Nah Loh! Dedengkot Ekonomi Global Ini Sebut Bakal Ada "Badai"
Jakarta, CNBC Indonesia - CEO JPMorgan Jamie Dimon memperingatkan akan datangnya badai bagi perekonomian dunia. Ia bahkan menyebut saat ini pihaknya sudah mempersiapkan apabila krisis ini benar-benar terjadi.
Hal ini disebabkan oleh beberapa faktor, termasuk inflasi yang tinggi akibat perang dan gangguan rantai pasok akibat pandemi Covid-19. Ia pun meminta institusi perbankan lainnya untuk mempersiapkan diri.
"Anda tahu, saya mengatakan ada awan 'badai', tetapi saya akan mengubahnya ... itu badai," kata Dimon pada konferensi keuangan di New York, Rabu (1/6/2022) seperti dilansir CNBC International.
"Sementara kondisinya tampak baik-baik saja saat ini, tidak ada yang tahu apakah badai itu kecil atau Superstorm Sandy."
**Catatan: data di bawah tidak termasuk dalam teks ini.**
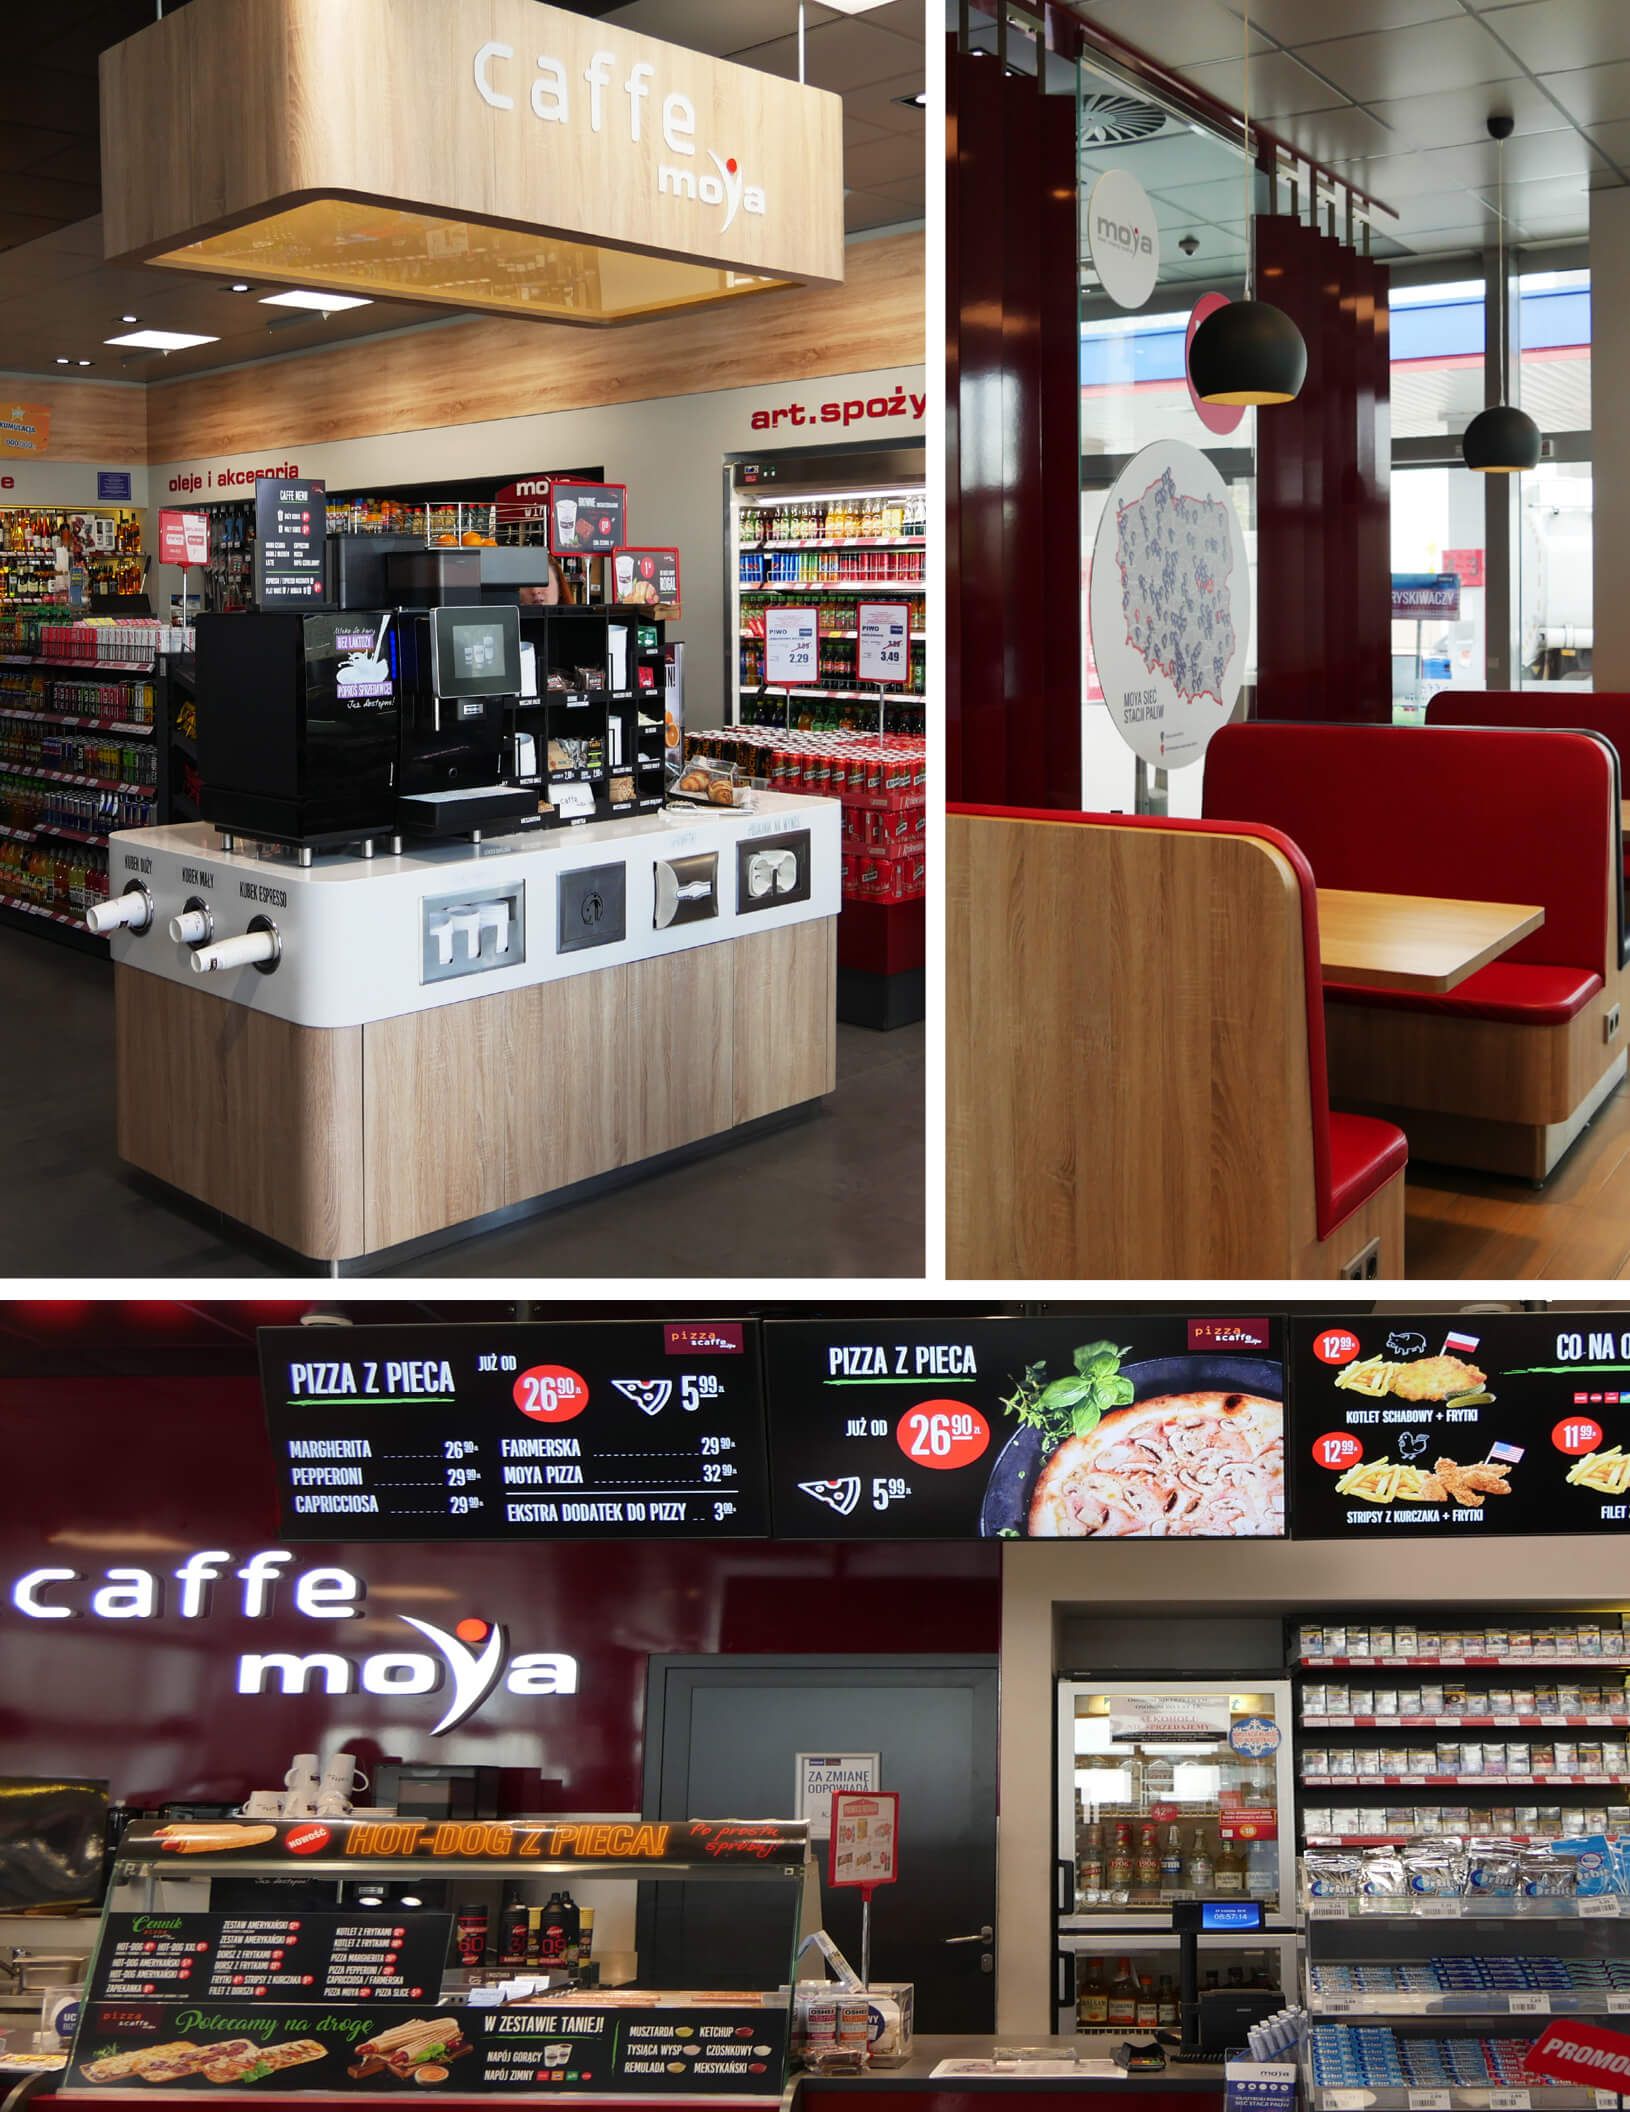 Станции MOYA предлагают своим клиентам вкусный кофе и закуски, доступные в рамках гастрономической концепции MOYA Caffe
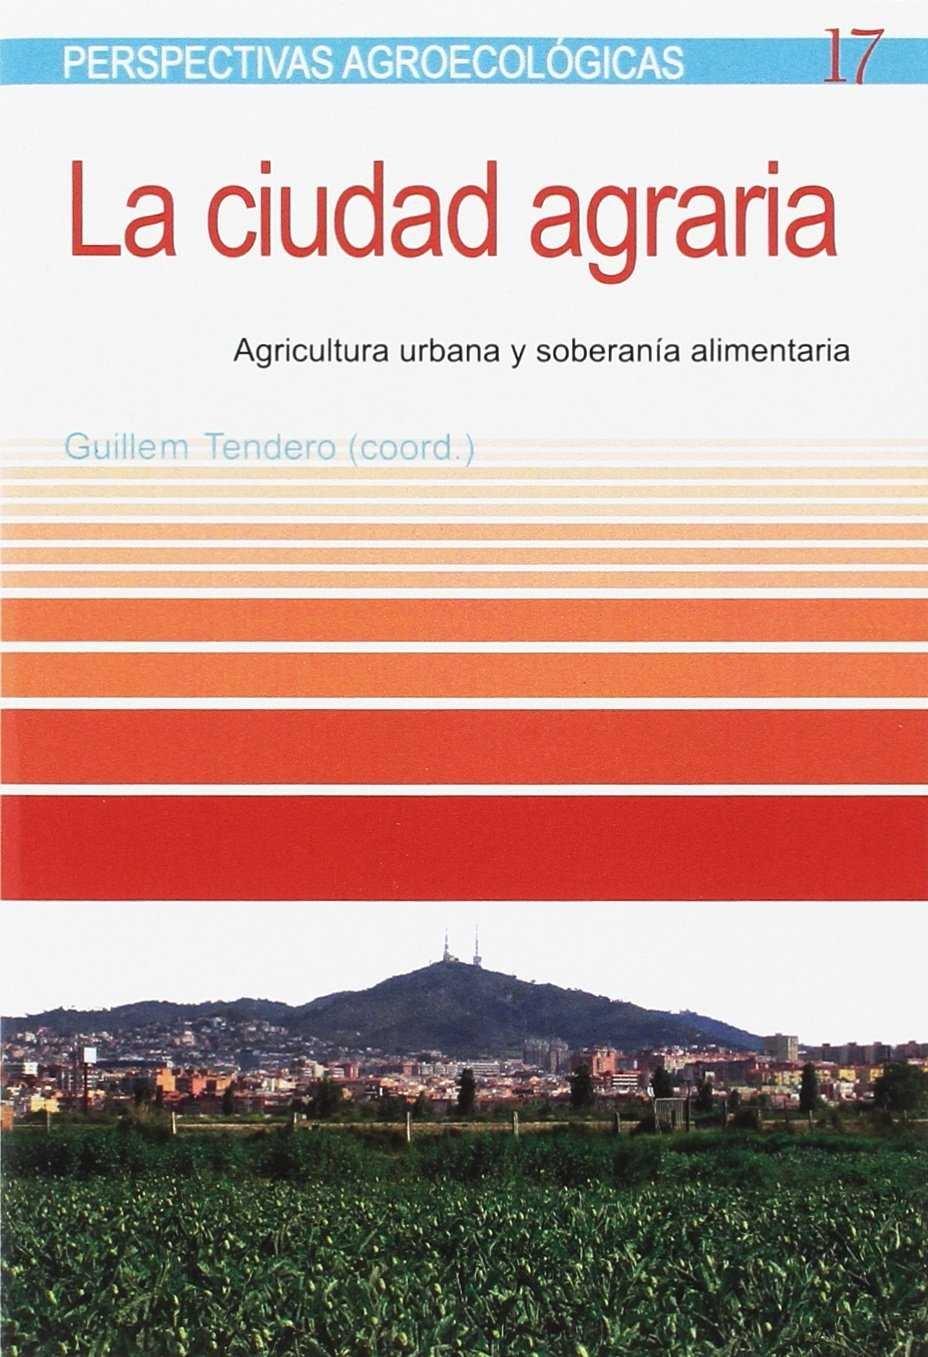 CIUDAD AGRARIA, LA "AGRICULTURA URBANA Y SOBERANÍA ALIMENTARIA "

Dimon kemudian menjelaskan ketakutan besarnya yang mungkin bermuara pada badai ekonomi ini. Pertama, ia menyebut The Fed telah memberi isyarat akan membatalkan program pembelian obligasi daruratnya dan menyusutkan neraca keuangannya.
Nantinya, apa yang disebut pengetatan kuantitatif atau QT, dijadwalkan akan dimulai bulan ini dan akan meningkat hingga US$ 95 miliar per bulan dalam pengurangan kepemilikan obligasi.
"Kami belum pernah memiliki QT seperti ini, jadi Anda sedang melihat sesuatu yang bisa Anda tulis dalam buku sejarah selama 50 tahun," ujarnya.
"Bank sentral tidak punya pilihan karena terlalu banyak likuiditas dalam sistem. Mereka harus menghilangkan sebagian likuiditas untuk menghentikan spekulasi, mengurangi harga rumah dan hal-hal seperti itu."
Kemudian, faktor besar lainnya yang mengkhawatirkan Dimon adalah perang Ukraina dan dampaknya terhadap komoditas, termasuk pangan dan bahan bakar. Ia menyebut akibat perang ini, harga minyak berpotensi naik hingga mencapai US$ 150 atau US$ 175 per barel.
"Perang menjadi buruk, (mereka) pergi ke selatan dalam konsekuensi yang tidak diinginkan," paparnya dengan menggunakan frasa 'pergi ke selatan' yang berarti menuju situasi yang memburuk.
"Kami tidak mengambil tindakan yang tepat untuk melindungi Eropa dari apa yang akan terjadi pada minyak dalam jangka pendek."
The Fed sendiri telah mengambil langkah untuk menaikkan suku bunga 50 basis poin di bulan Juli dan Juli untuk menekan inflasi. Pasalnya, dalam data terbaru bulan April 2022, inflasi di AS telah mencapai 8,2%.
Mantan kepala ekonom SEC yang juga akademisi dari University of Southern California Marshall School of Business, Larry Harris, menyebutkan bahwa resesi memang diperlukan. Ini untuk menjinakkan inflasi yang tinggi.
"Apakah kita akan mengalami resesi? Sangat mungkin. Sangat sulit untuk menghentikan inflasi tanpa resesi." ujarnya seperti dikutip CNBC International pekan lalu.
"Kenaikan suku bunga menghambat pengeluaran dengan meningkatkan biaya pembiayaan," terang Harris.